— Да все ли хорошо?
Не зная, смеяться или печалиться, она развернула пелену, обнажив ноги младенца. Филипп удивленно поднял брови и тихонько рассмеялся, погладив непомерно большую в сравнении с тельцем, розовую ступню сына:
— В прадеда Епифана, видать, бродник!
Протекли несколько лет: не самых худших из тех, что бывали в Сибири. Мимо Тобольска, по Иркутскому тракту прошли этапы запорожских казаков и литвинских гайдамаков, не желавших переписываться в крестьяне на своих Отчих землях. Затем прогнали староверов, выманенных из западных стран указом Петра III о веротерпимости, который они поняли, будто к своим, природным русским людям, оказалось — к папистам, латинянским еретикам, всякого рода выкрестам и перекрестам. А их самих, за крепость духа и верность русской старине, указом царицы-немки отправили на вечное поселение в Сибирь. Кандальные и ссыльные поселенцы, шагая по тракту, крестились на купола приходской церкви, против которой стоял крепкий дом Александра Петровича. В те годы его младший сын Семен, поверстался в казаки по чужому жребию и умчался к востоку тем же путем, что каторжные и ссыльные, только доброй волей.

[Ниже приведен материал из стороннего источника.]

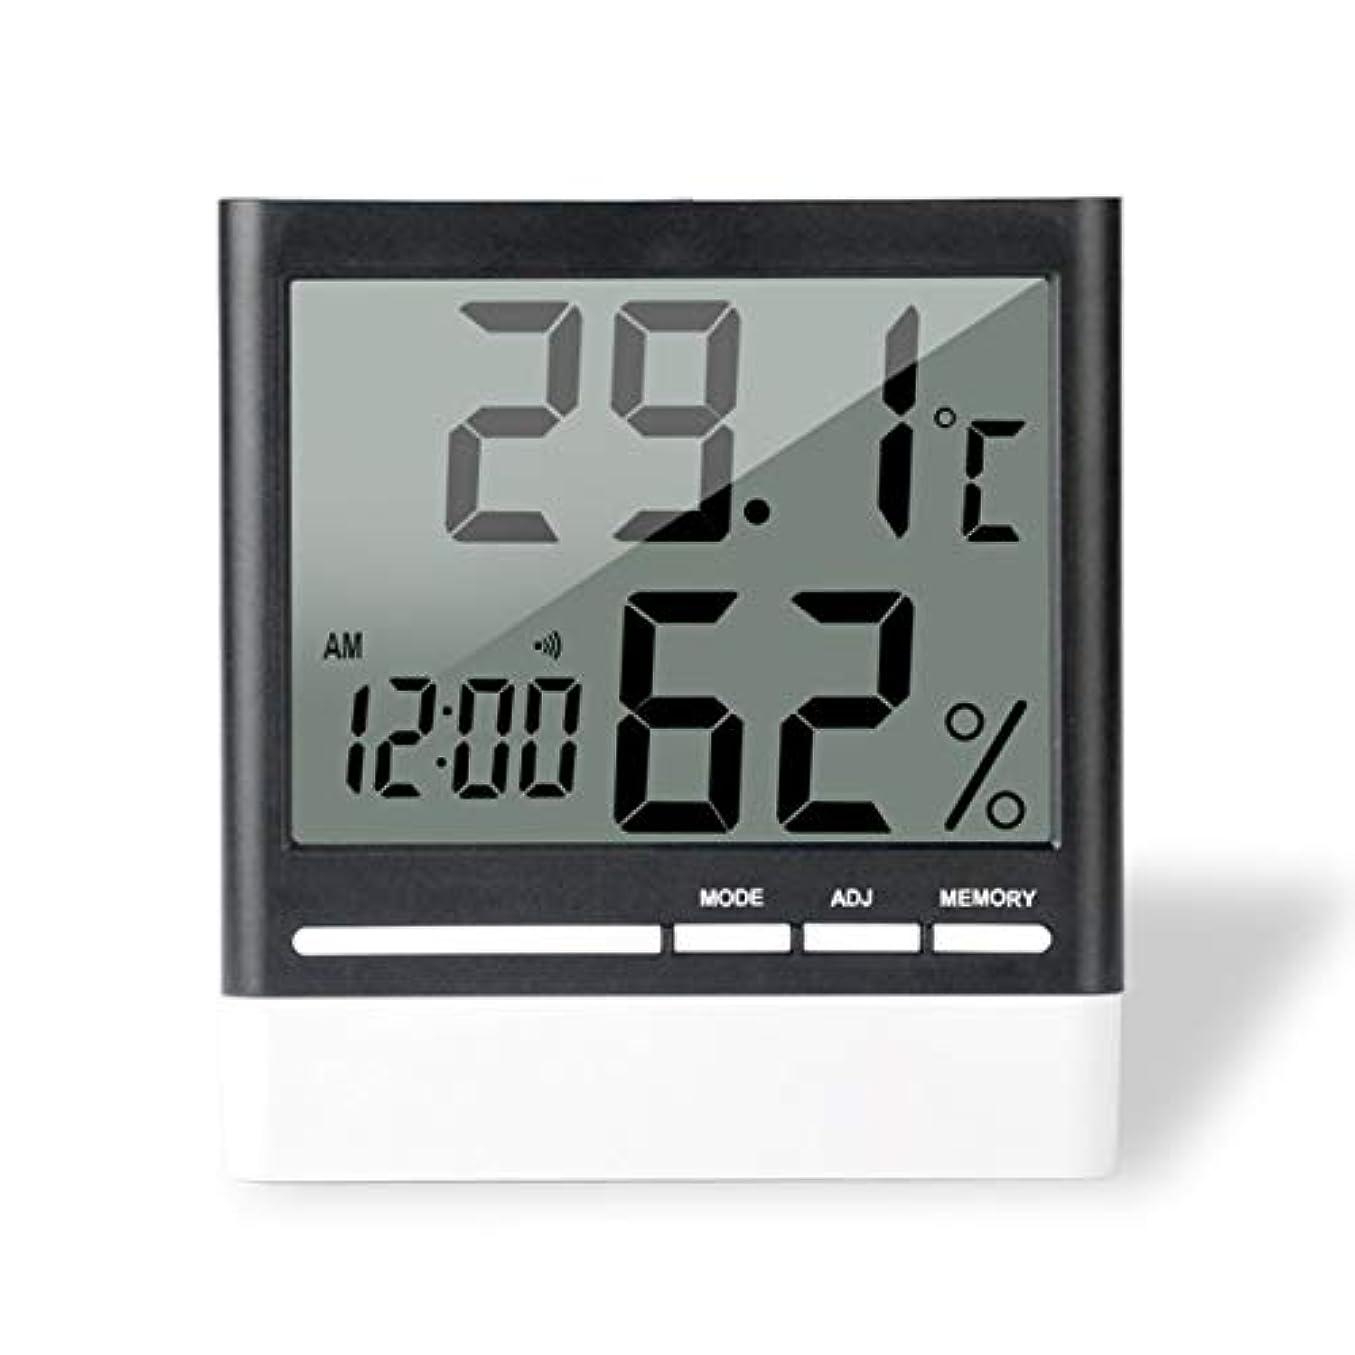 抽出二週間農夫Saikogoods 電子体温計湿度計 デジタルディスプレイ 温度湿度モニター アラーム時計 屋内家庭用 ブラック

Дед Александр утешался внуками: рассаживал вокруг себя, крепышей пашенного корня, с опаской косился на Сысоя, а то и выхватывал его, как кутенка, вертел в мозолистых руках, беззлобно поругиваясь, высматривая куда пошла кровь. Малец был тощим и вертким, того и гляди укусит. Чуть подрос — стал показывать варнацкие замашки: поднял с земли камень, прищурился и, в отместку за поклеванное темя, разбил голову красавцу петуху. В отрочестве с редкой меткостью метал плотницкий топор средней руки, да так к тому пристрастился, что пришлось прятать ходовой инструмент. По крестьянским и казачьим дворам, как всегда, подрастала и озорная ребятня, уготовленная свыше если не для каторги, то для дальней государевой службы. В свое время отторгнет их пашня и смирится родня, отпуская жить по судьбе: знать, и на таких есть нужда у Отца Небесного.
Бабка Матрена слазила с печи уже только по нужде: одной ногой в яви, другой в нави, смутно жила в двух мирах разом, видела наперед судьбы внуков и правнуков, узнавая в них души давно ушедших людей. К Рождеству, на Святую Пасху и Троицу с большими сборами ее водили в церковь. С трясущейся головой, со всеми жалобами, сказами и молитвами она была для Сысоя родней и ближе всех домашних. Он и спал с ней под одним одеялом, расспрашивал о всякой всячине, что лезла в голову. Бывало, уже не трещит лучина над чашей, в доме мутный свет луны, не спят только Сысой с Матреной. Услышав за печкой звуки странные, непонятные, он шептал:
— Баба, что это?
— А домовой! — как о пустячном отвечала старушка. — Он у нас работящий, запасливый, в моего покойного Петру… А то, слышишь? Макошь шуршит, судьбу тебе прядет. Две девки незрячие, Доля с Недолей, узелки вяжут. Одна к счастью, другая к несчастью. Кому нить оборвут — тот и отмучился… Про меня-то забыли, проси — не проси, — не только слепы, еще и глухи!
— Мне-то что вяжут? — Не давал ей покоя Сысой. И трепыхалось сердчишко от сладостной тоски по предстоящей жизни.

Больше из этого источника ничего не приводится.